• INSTRUCTIONS FOR THE TASK: A verbatim transcript of the data that follows, free of images, is the expected result.

• SUPPLIED MATERIAL:
======

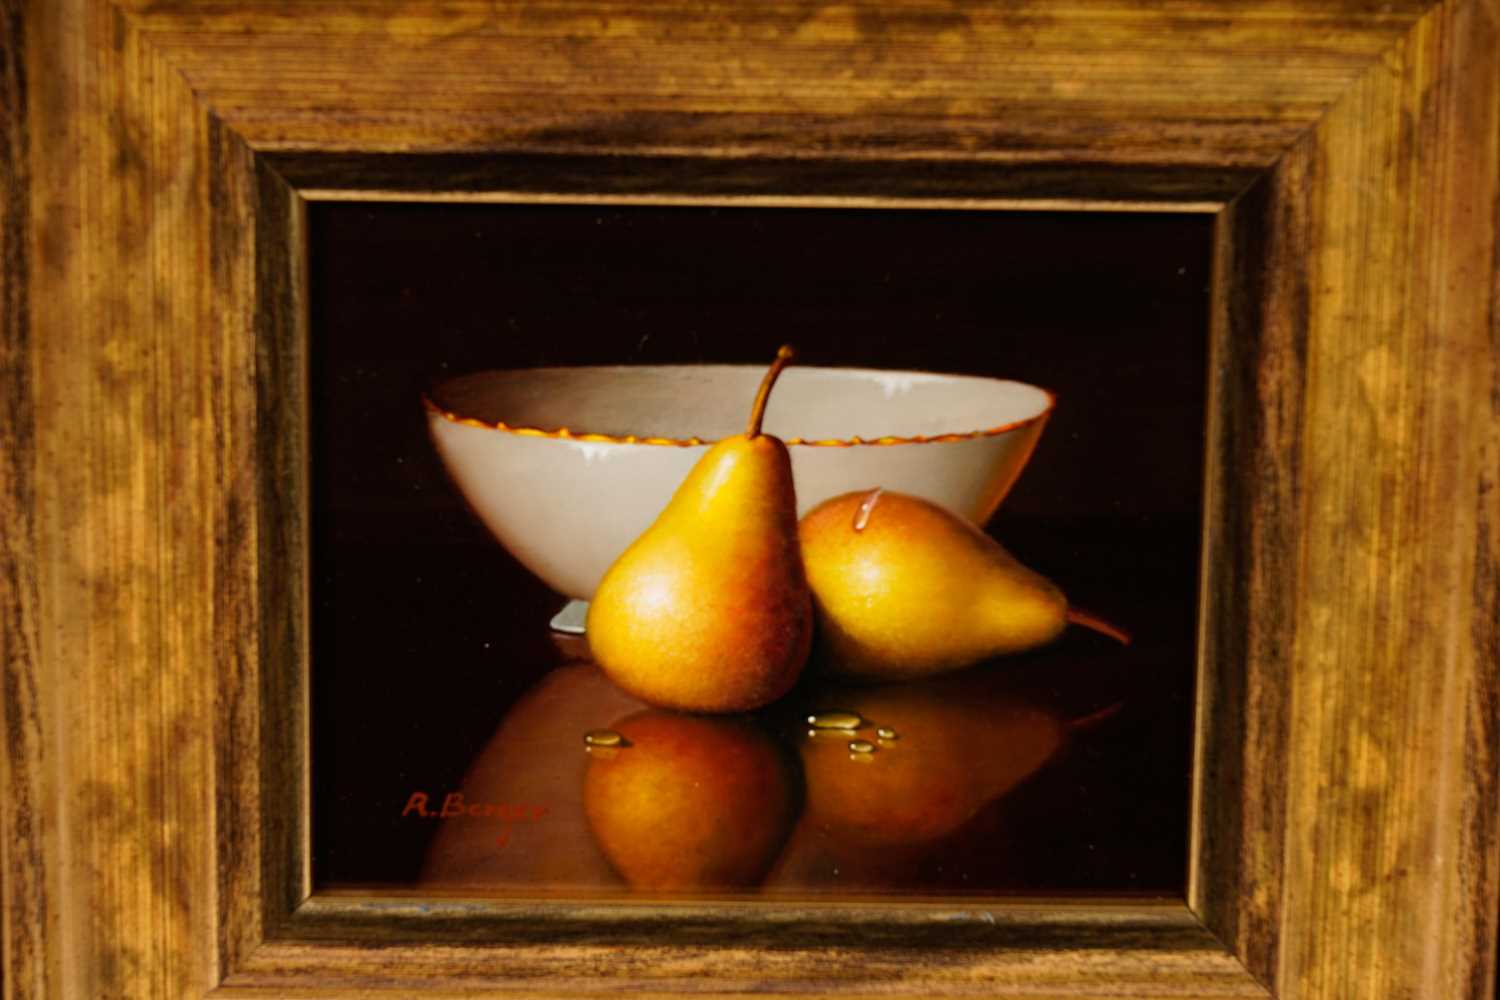 Ronald Berger - Porcelain and Pears | oil - Image 3 of 5
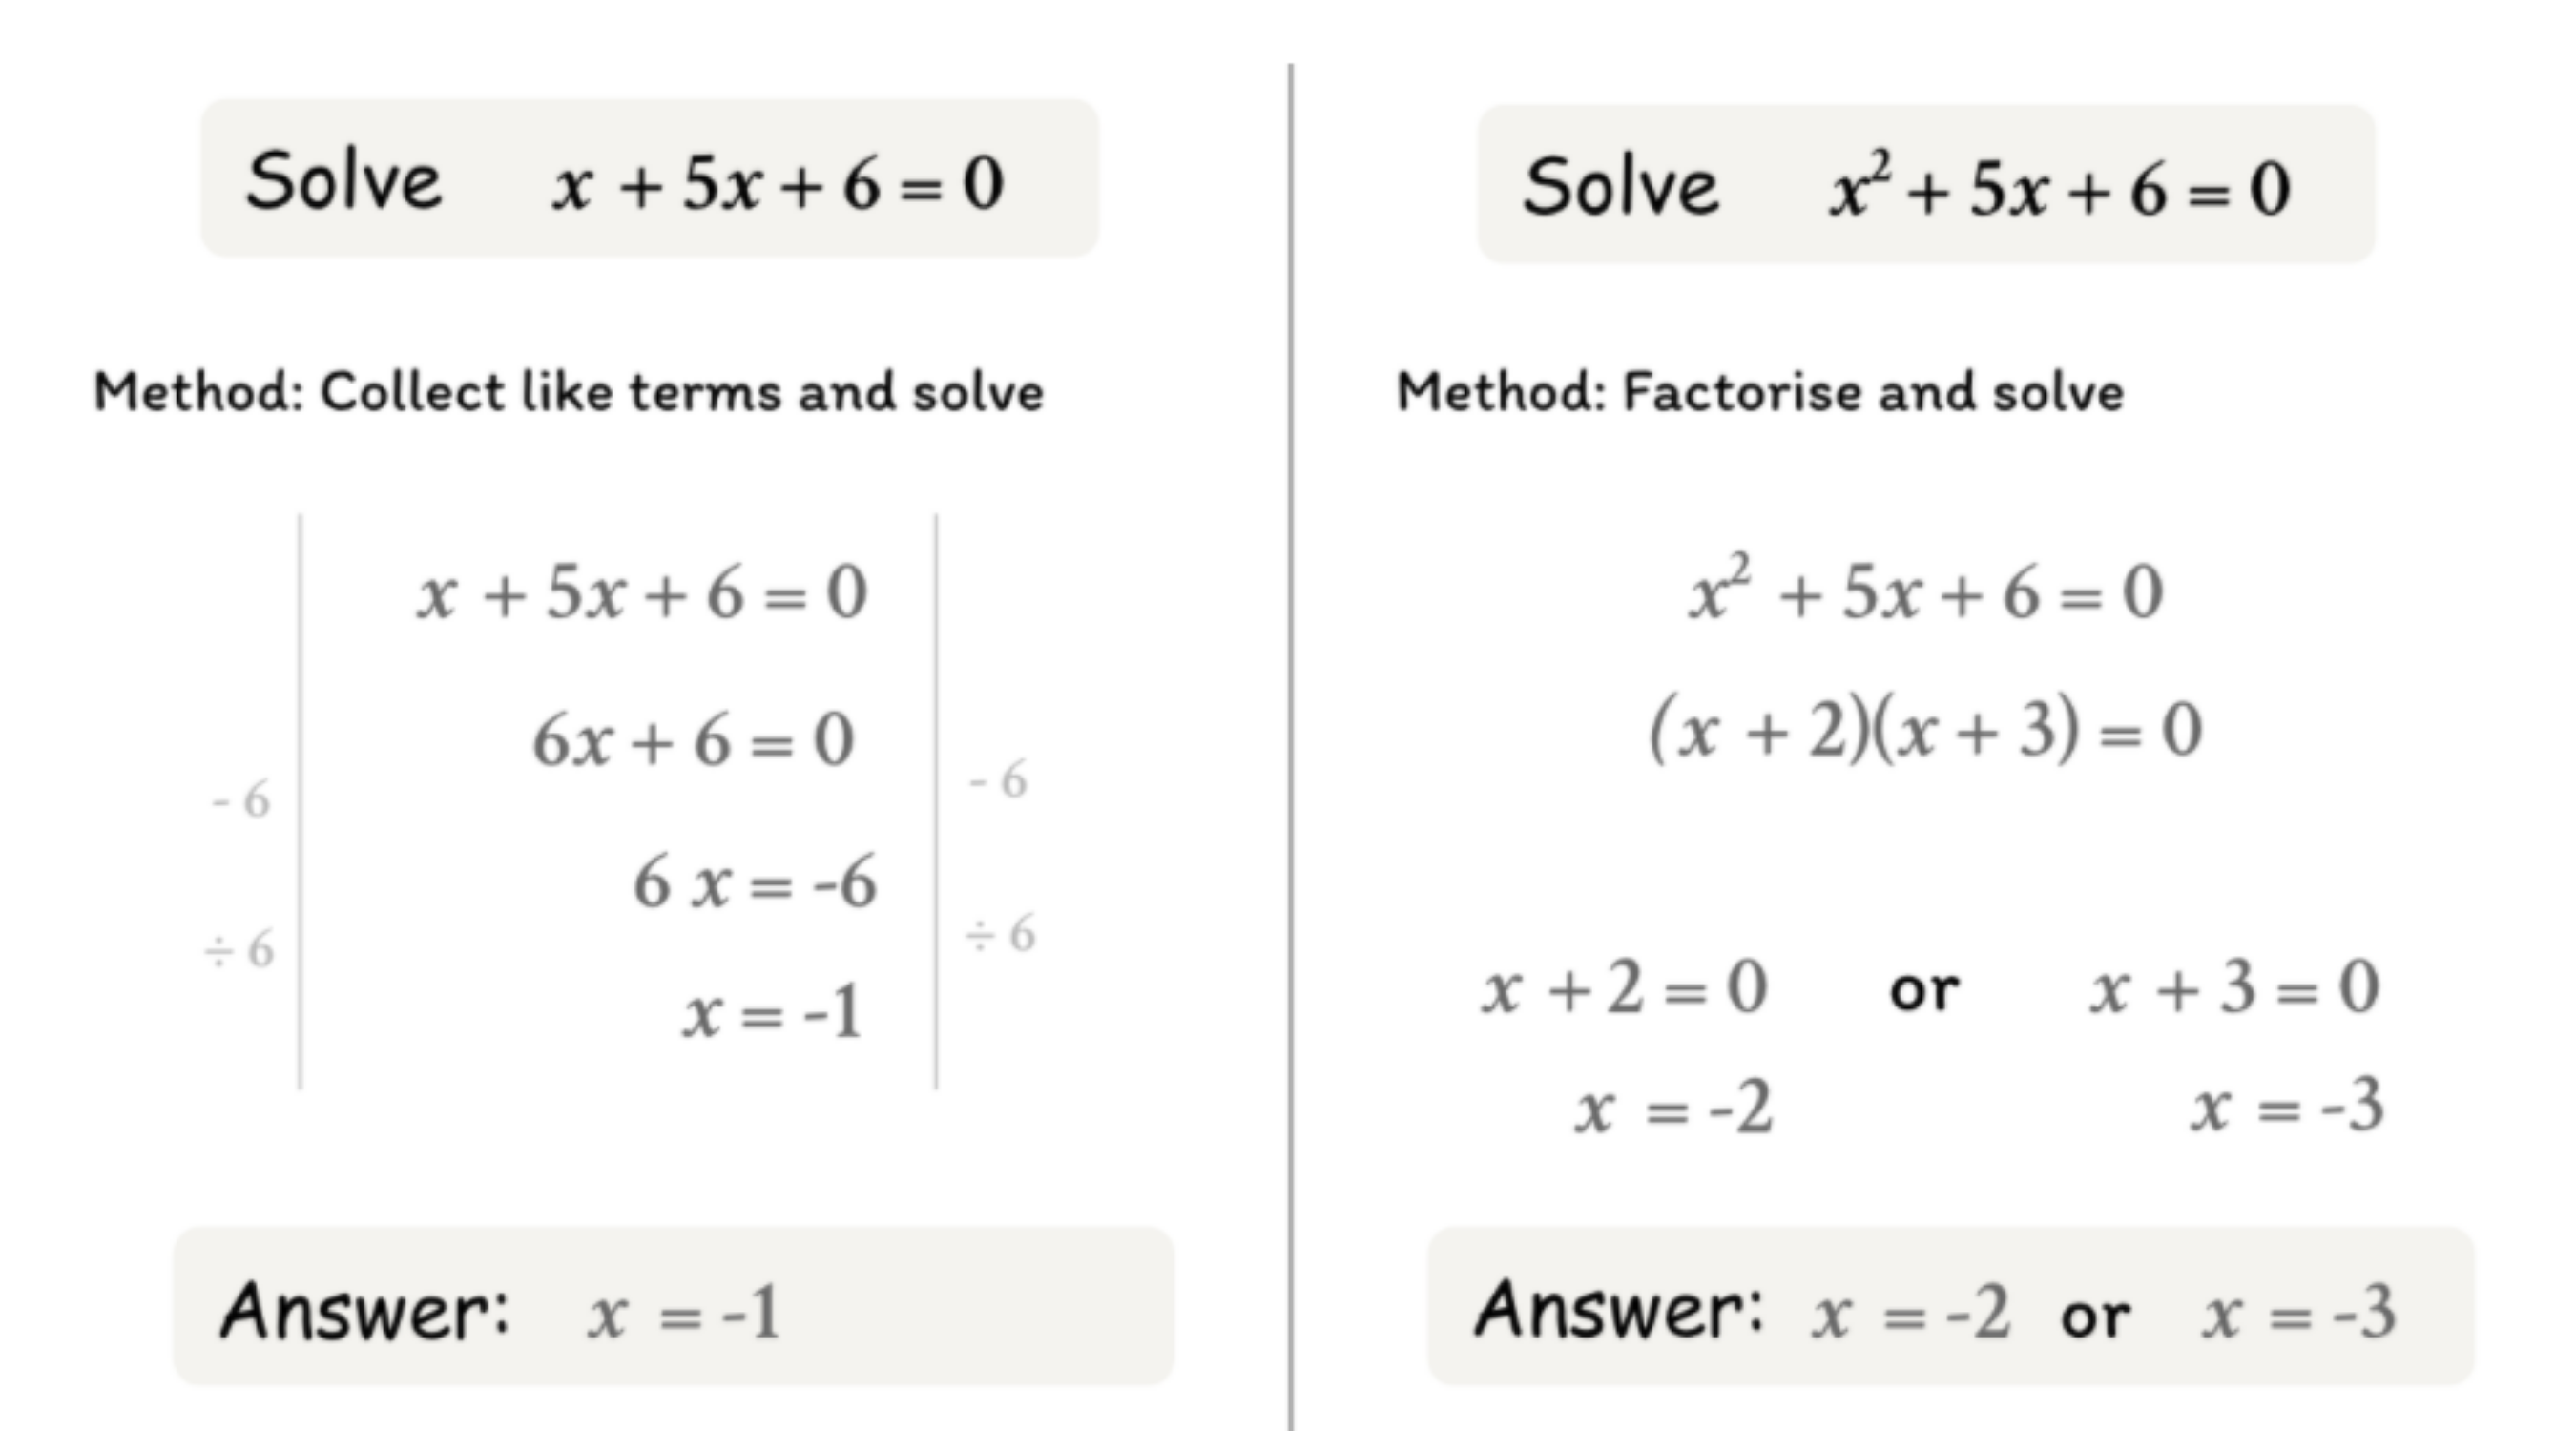 Image shows two similar-looking maths questions that actually require quite different methods to solve.
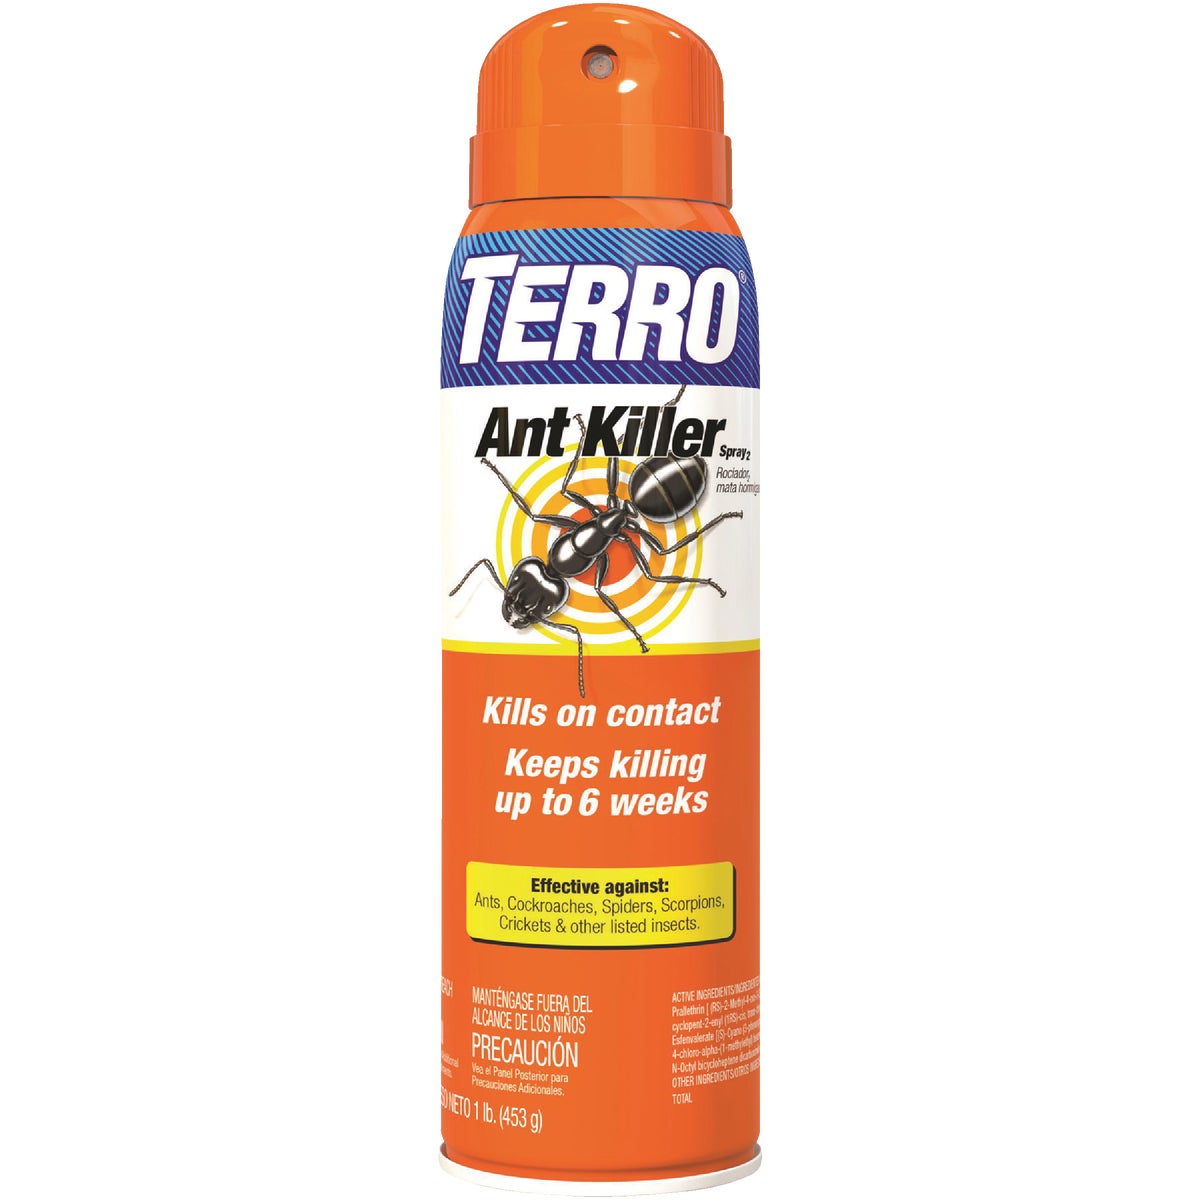 Item 765381, Long-lasting aerosol spray that kills on contact and continues to kill for

======

• SOLUTION FOR THIS TASK:
 Ronald Berger - Porcelain and Pears | oil - Image 3 of 5
 Image shows two similar-looking maths questions that actually require quite different methods to solve.
 Item 765381, Long-lasting aerosol spray that kills on contact and continues to kill for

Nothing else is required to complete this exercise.